By then someone had sent for the Sentinels, and the Vekken were well enough briefed to know that they had outstayed their welcome. Their formation disintegrated, spreading out into a far-flung net of Ants more efficiently than the Wasps had managed, but grouping in squads of twenty and fifty when threatened. They made short work of the miles to Collegium, and made the vanguard of the pursuing Light Airborne regret their diligence. Ant casualties totalled just under one hundred.
To the Beetle-kinden this was an education. Stenwold stood on the walls with the Vekken commander, Termes, knowing that two thoughts would dominate every Collegiate mind at that moment. Firstly, Isn’t it a good thing that the Vekken are on our side just now? and secondly, When did they learn to do that? It seemed that defeat at the hands of mere Beetles could spur even the most insular of Ants to innovate.
The Second was bloodied. The Second was slowed. The army was named ‘the Gears’, though, and it ground on, visible from the walls, marching south towards the great maze of earthworks that defended the city from its enemies.

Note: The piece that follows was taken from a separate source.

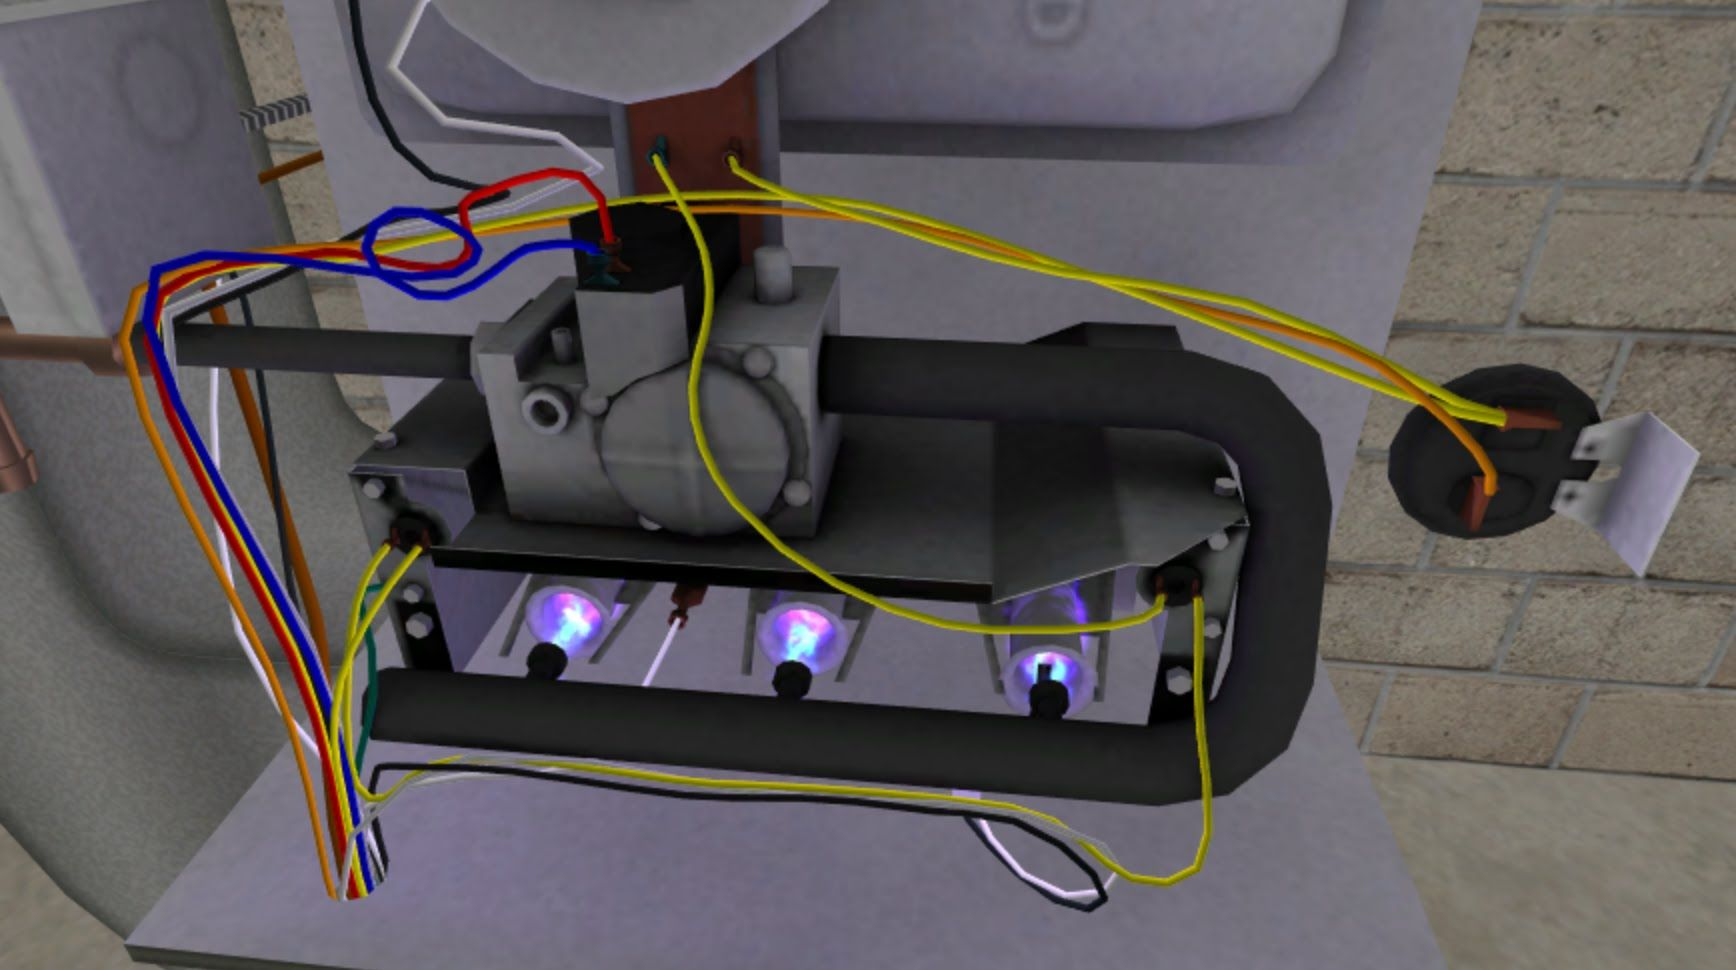 Faulty flame sensor on a gas furnace troubleshooting video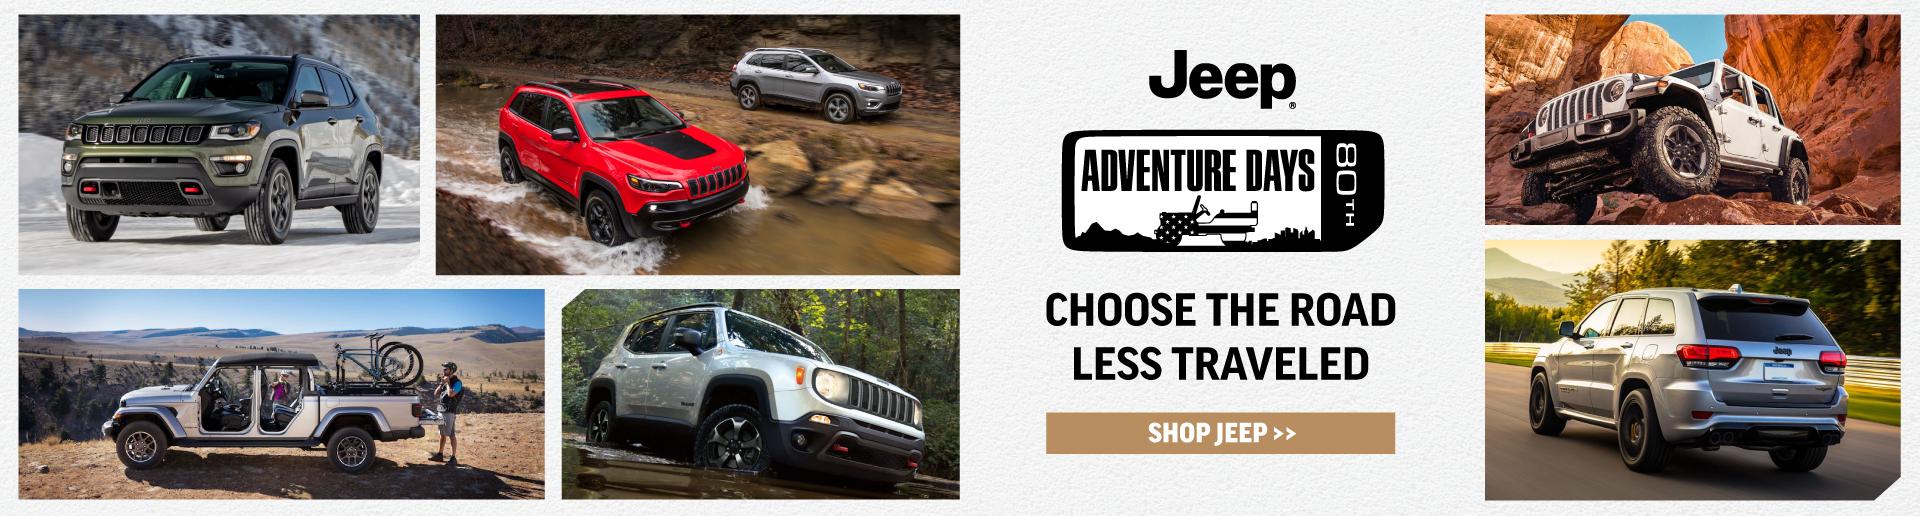 2020 Jeep Generic october

Everything we have thrown at them — burning their orthopters over the city, all those air assaults, destroying their supply airships, the Felyen, the Vekken, and yet here they are.
Madagnus of the Coldstone Company had readied the wall artillery — the new magnetic bows with a range to match the greatshotters of the Empire — save that the Empire seemed not to have any left. The Collegiate attacks had devastated the enemy siege engines, and those losses did not seem to have been replaced. Stenwold was left to scan his telescope over the arriving enemy and think, What do they know that we do not? Because, if I were in the position I see them in, I would not have come. Or is that because I am a Beetle, and sane, and these Wasps are so mad for battle they would throw themselves into a fire for it? Are they worse even than the Mantids?
He heard Madagnus make a disgusted sound nearby, and glanced up. The cadaverous Ant had his own glass out and trained on the enemy.
‘Far enough away that we’d fall short, by my calculation,’ the man declared. ‘I was hoping to give them a bit of fun, after they’d set camp.’
‘And their own range?’ Stenwold called over to him.
‘They were a good two hundred yards closer when they set up their artillery last time,’ Madagnus told him. ‘They were hurrying, back then, so we reckoned they’d put the shotters at their extreme range — which is comparable to ours. If they do manage to hit us from right out there, though. .?’ He shrugged. ‘Then the aviators get to take them. Either way, anything as big and stationary as those artillery pieces of theirs isn’t going to last long.’